Researchers compared the eating habits and mental abilities of nearly 4,000 older Midwesterners. Participants’ diets were scored for adherence to a traditional Greek diet, and cognitive performance was tested every 3 years. Even after adjusting for other lifestyle factors, those with higher “MedDiet” scores suffered slower cognitive decline over time, according to the Tufts University Health and Nutrition Newsletter.
Although there’s no single true “Mediterranean diet”—people in Tunisia eat differently from those in, say, Greece—certain common components of the region’s diet have previously been linked to a reduced risk of cardiovascular disease.

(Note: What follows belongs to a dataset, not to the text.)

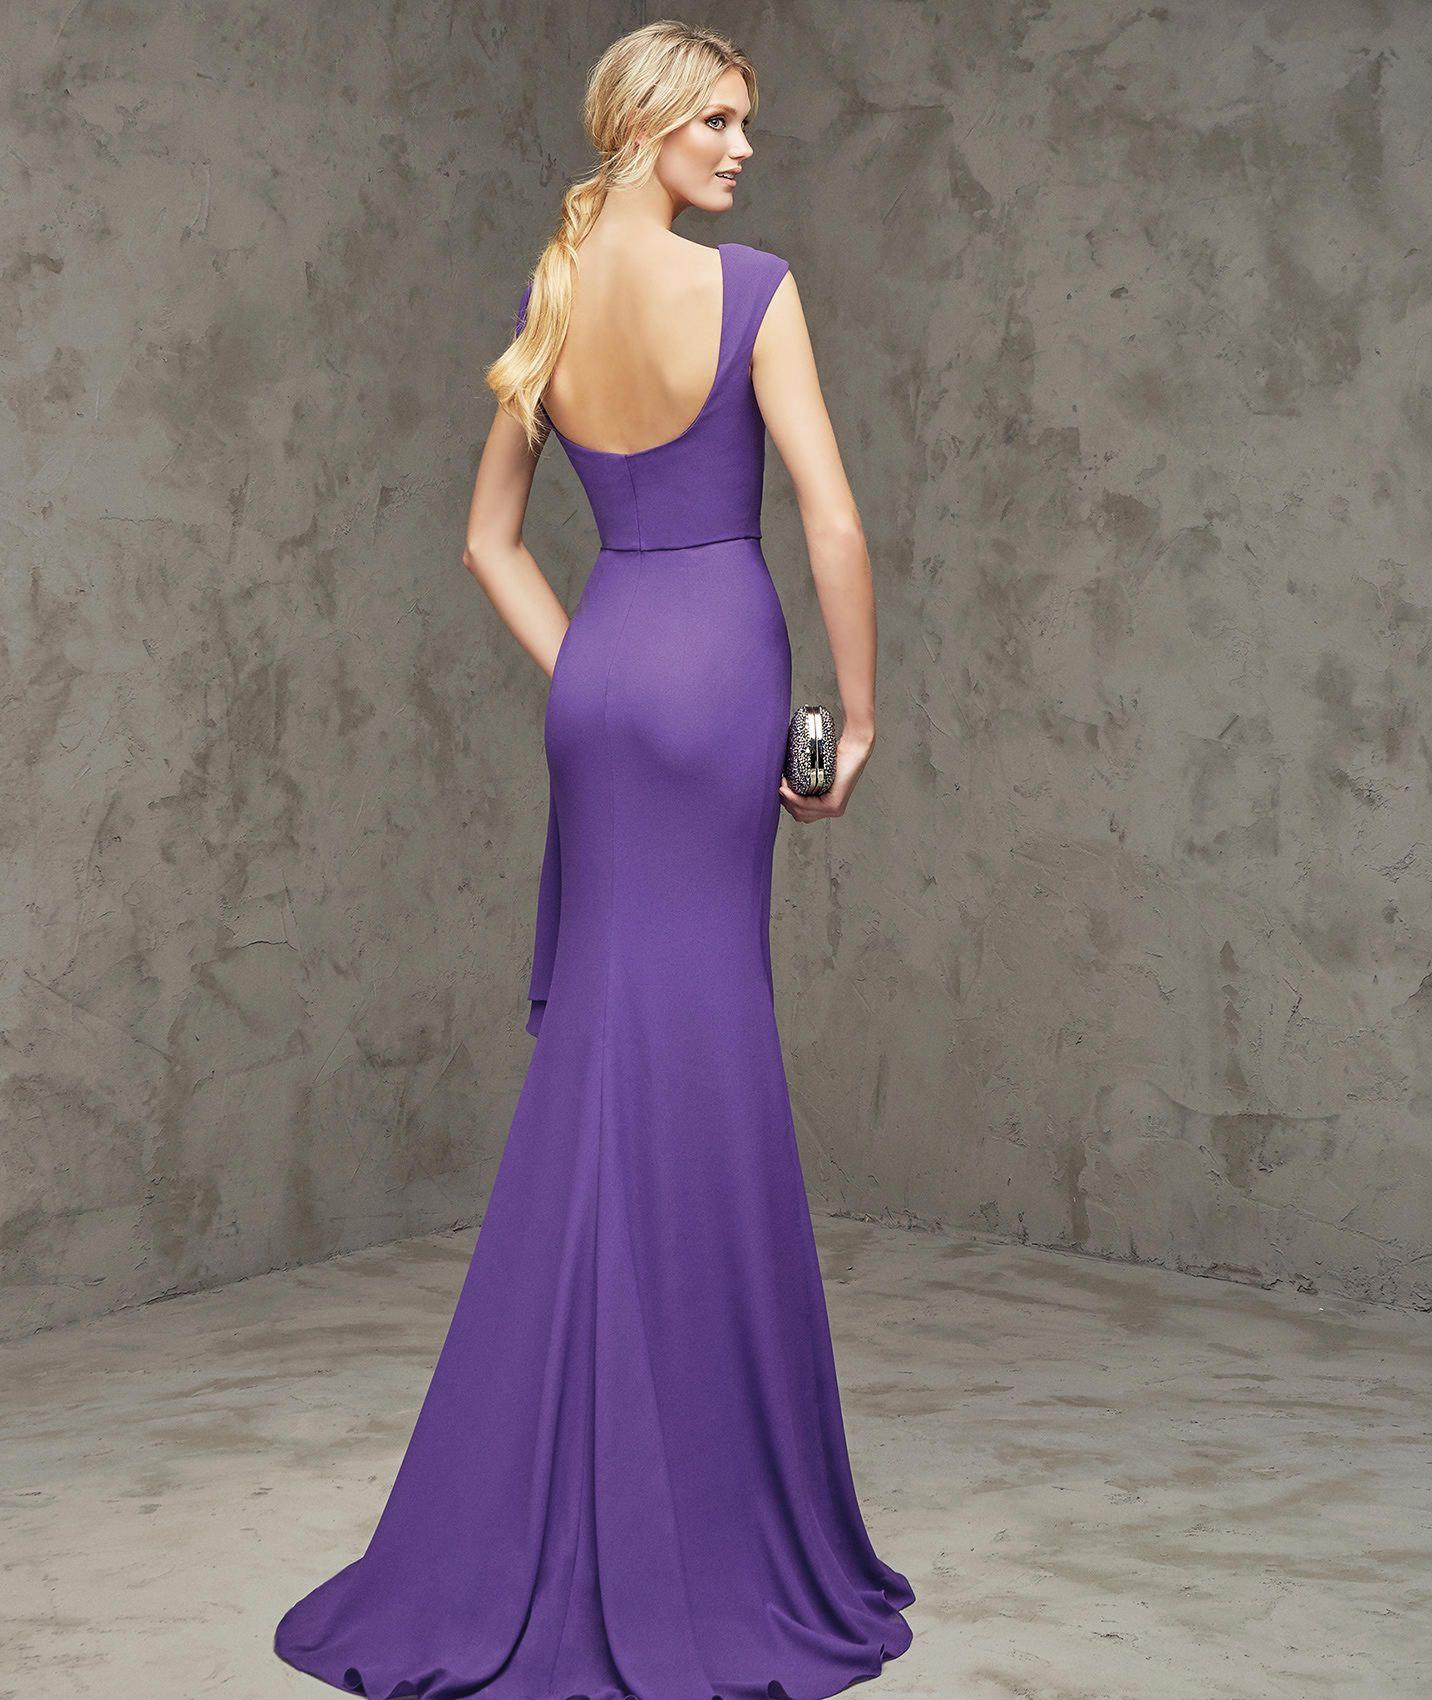 Vistoso Donar Vestidos De Novia Ideas Ornamento Elaboración ...

Scientists looked for:
• High intake of vegetables, legumes, fruits, fish and cereals
• High intake of unsaturated fatty acids but low intake of saturated lipids
• Low intake of dairy products, meat and poultry
• Mild to moderate alcohol consumption
Even after adjusting for demographics and known risk factors,
adherence to the Mediterranean-style dietary pattern remained the
main predictor of Alzheimer’s risk. Each additional unit of adherence
to the diet was associated with a 9-10% reduced risk. The one-third of
the subjects who followed the diet most closely had a 39-40% lower.
A study by Columbia University noted that it’s not just individual nutrients that may offer protection from cognitive decline—it’s the whole dietary pattern. Although mild to moderate alcohol intake and high vegetable consumption were each associated with decreased risk, after further adjustment for other factors, no individual component proved a significant risk predictor. According to lead researcher Nikolaos Scarmeas, MD, “An overall dietary pattern is likely to have a greater effect on human health than a single nutrient.”

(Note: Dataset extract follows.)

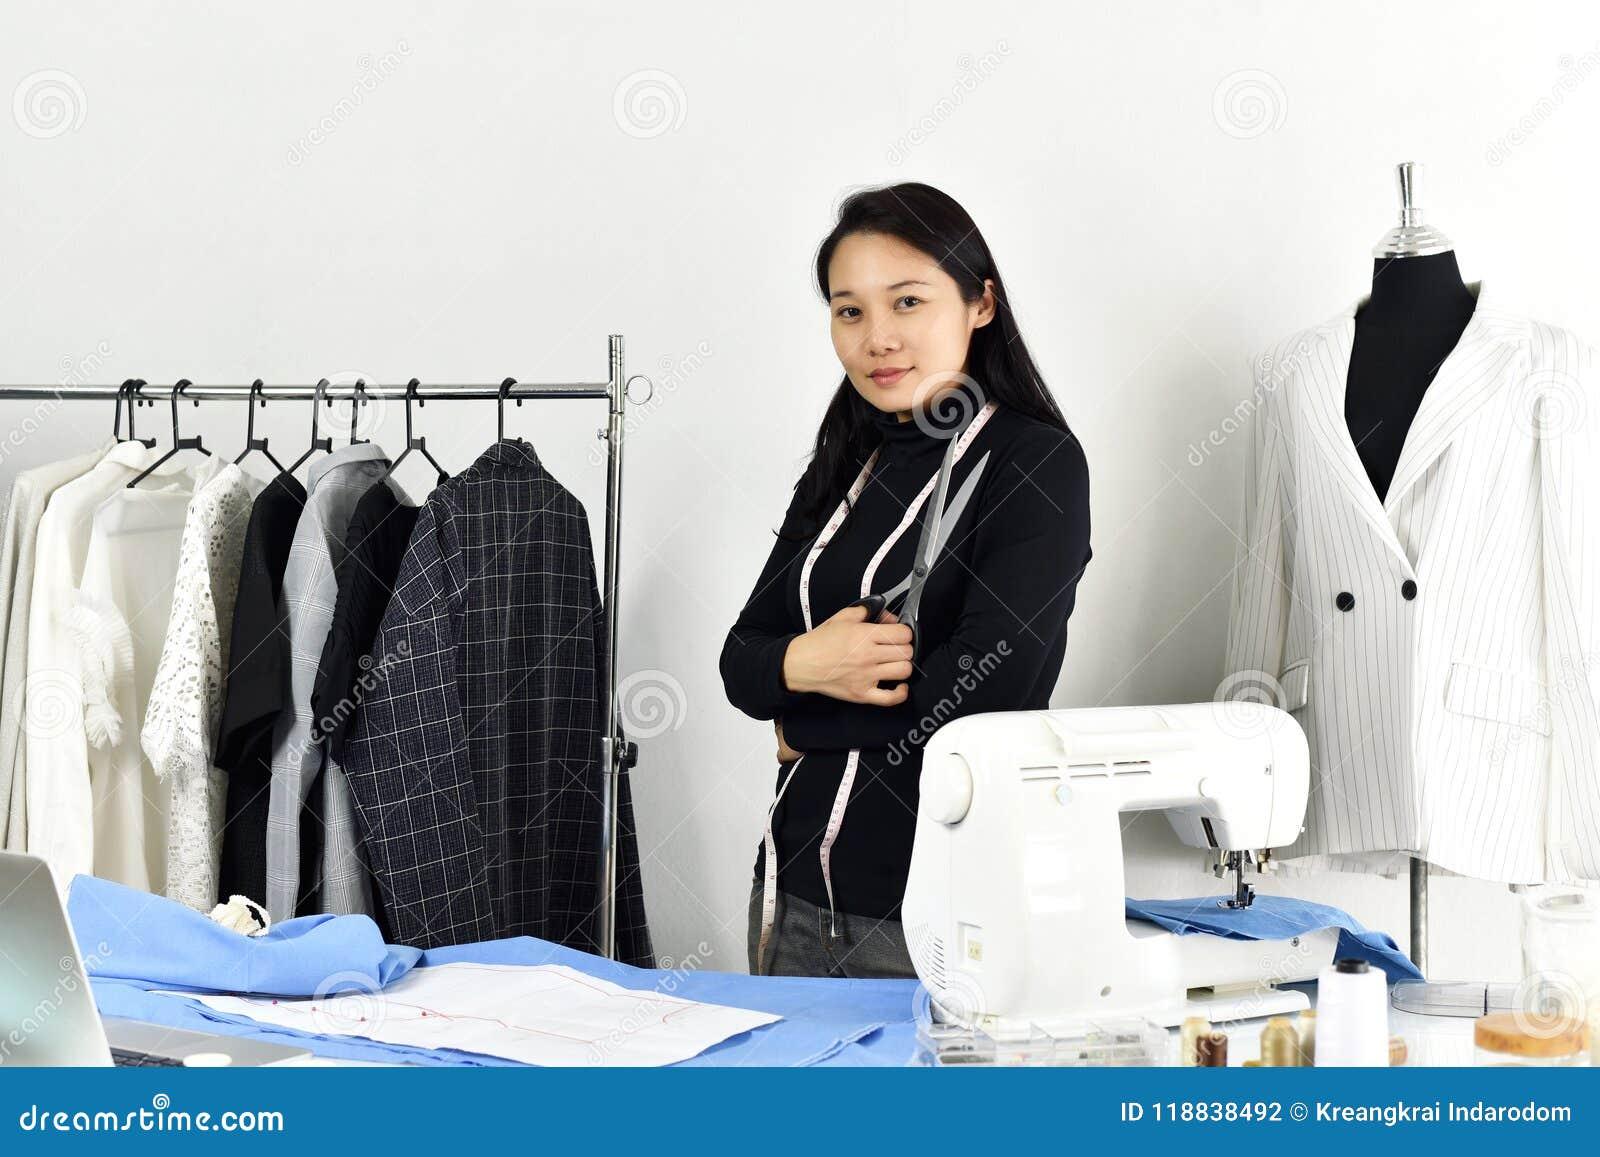 Female Fashion Designer Working At Studio Stock Image ...

Mediterranean-style diets, Dr. Scarmeas speculated, may be effective against Alzheimer’s by combating inflammation and oxidative stress. Also, a blue-ribbon National Institutes of Health panel recently found significant parallels between cardiovascular health and cognitive health in people over 65. So the Mediterranean diet patterns’ demonstrated cardiovascular benefits may translate into protection for the brain.